Now Aranui turns north again and sails through the night to the arid outpost of Ua Huka. From the sea, herds of wild horses and flocks of feral goats can be seen roaming the red hills of the rugged island. Aranui draws close to high cliffs, their base pummelled by ocean swell, until the narrow opening of Invisible Bay reveals itself. Bow-thrusters roaring, the ship turns about to ease her stern into the churning waters of this watery ravine. Anchors are dropped from the bow and the ship reverses slowly into the wash of the bay. Work boats are lowered into the slop and hardy sailors drag stern-hawsers through the surf to secure them to rocks on opposite sides of the bay. With the ship secured, next it is the turn of the passengers to descend the gangway to where a whaleboat plummets in the swell. The operation seems precarious, but Captain Oputu has performed it hundreds of times before. It was he who devised this bold method of approaching Ua Huka more than two decades ago.
Ua Huka has a rather quaint museum with a surprisingly excellent collection of artefacts and an equally surprising botanical garden, lush and fruitful in its valley below the unforgiving hills. In the village of Hane, there are singing sea-cliffs and a monolithic pyramid of rock protecting an otherwise exposed bay. Here the foreshore is cluttered with pirogues and you may find intricate wood-carvings for sale.

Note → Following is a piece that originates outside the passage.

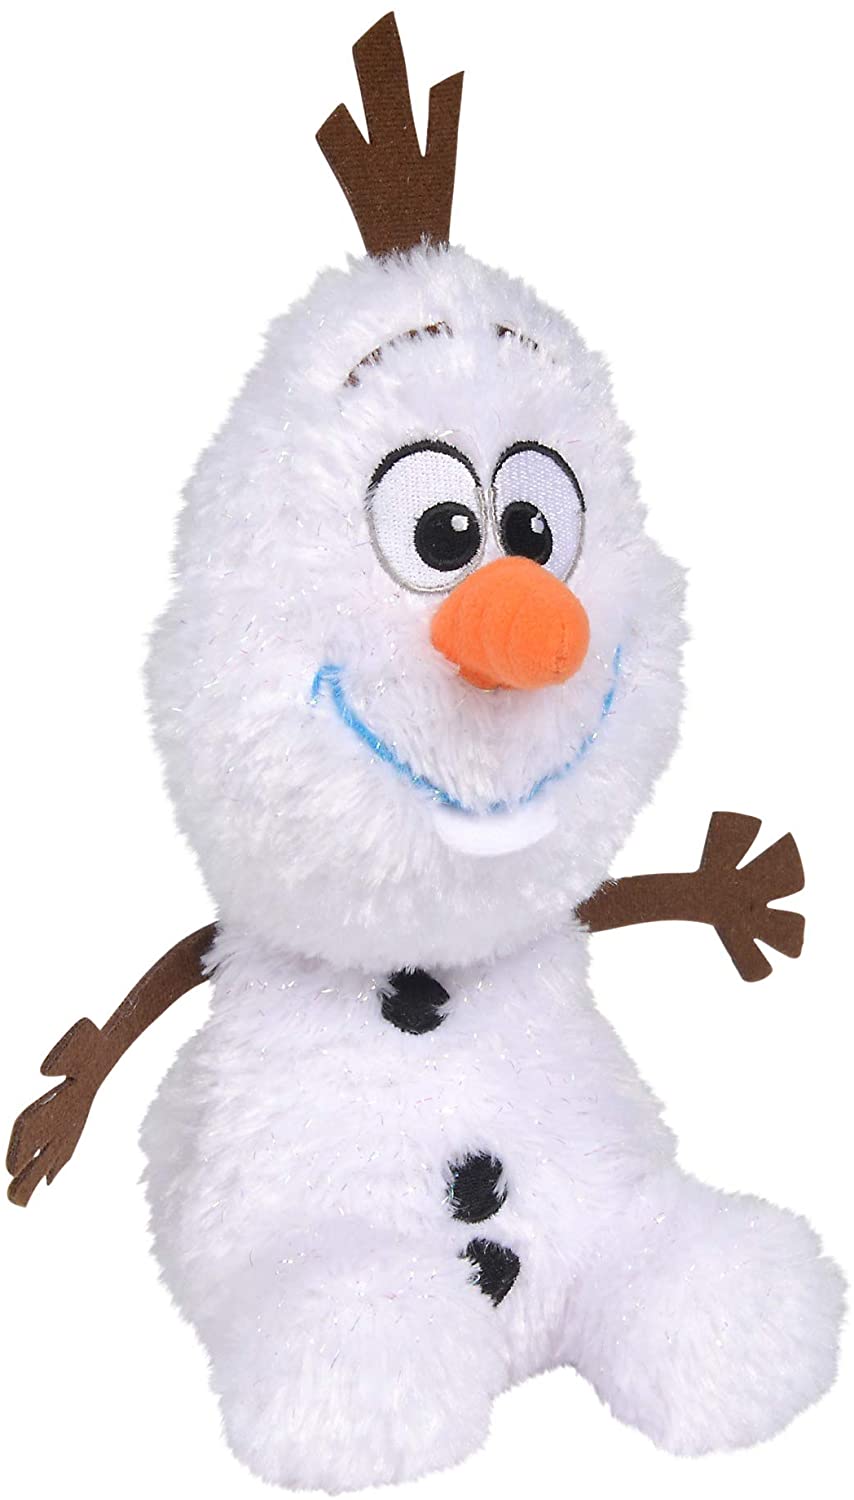 Disney - Friends Style Olaf Plush Toy - 25cm

Here, too, is the restaurant of Céline Fournier, where the best of Marquesan food is served. If for no other reason, it's worth the long haul to Ua Huka just to taste her poe, a pudding of pounded banana in coconut milk.

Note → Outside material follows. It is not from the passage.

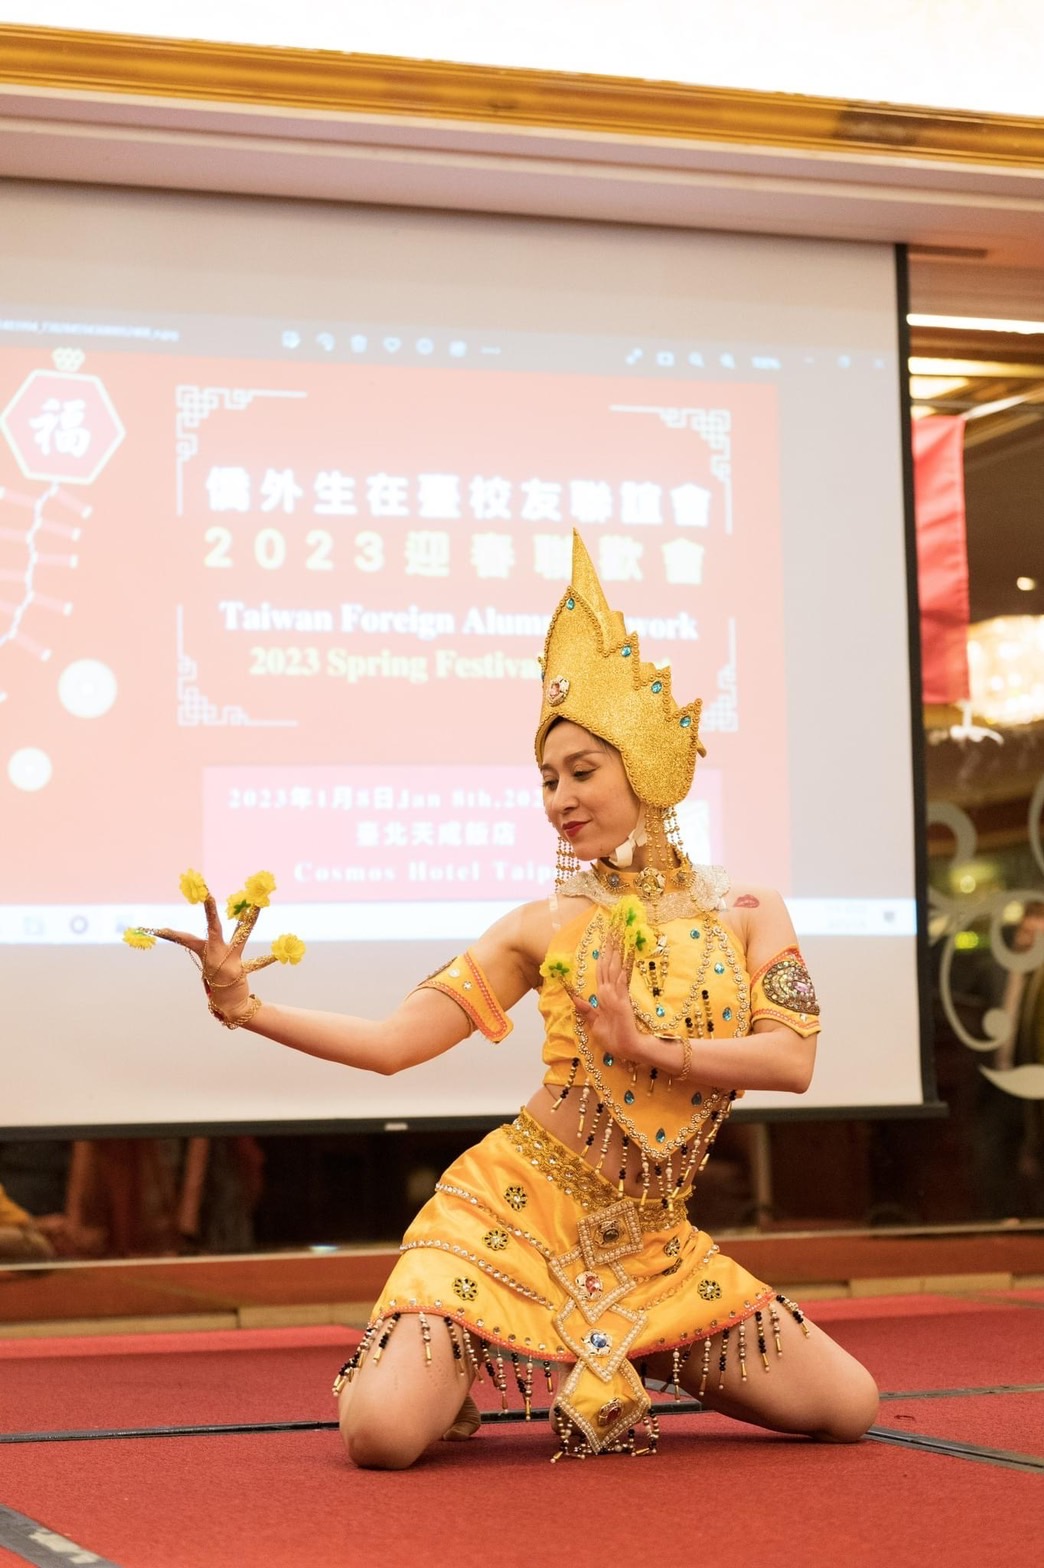 來 自 越 南 校 友 組 成 的 「 春 燕 」 舞 蹈 團 ， 提 供 我 們 精 彩 的 民 族 舞 蹈 表 演 ！ 

At dawn Aranui turns for home, stopping off at Nuku Hiva and Ua Pou once more to uplift cargo, then buffeting south through the trade winds, blowing hard on the port bow for the duration of the 1200-kilometre, two-day transit. On the second of these days, a last stop-off is made at Rangiroa atoll in the Tuamotu Islands to give passengers the chance to stretch their legs ashore and swim in the turquoise lagoon. This is one of the largest lagoons on the planet and, if the tide is going out when Aranui exits Rangiroa's narrow passage, the experience is very nearly akin to running whitewater rapids.
Tahiti rises from the ocean at first light of last morning and the time has come for adieux. It would be unusual indeed not to have struck up friendships with fellow passengers or members of the crew in the course of Aranui's fortnight circuit, so the final moments are not without regret. Shaking hands with some of these Polynesian seafarers, travellers recall how it was those very same burly and heavily tattooed arms that plucked them to safety when whaleboats plunged in the swell at the foot of the ship's gangplank, or deftly manhandled them ashore at some other precarious landing place. But there's also pleasure in the thought that someone else will shortly take possession of your cabin, befriend your favourites among the crew and carry on the tradition of adventurous travellers subsidising the cargo trade of the Marquesas. Long may Aranui provide the lifeline to the people of those fabled islands.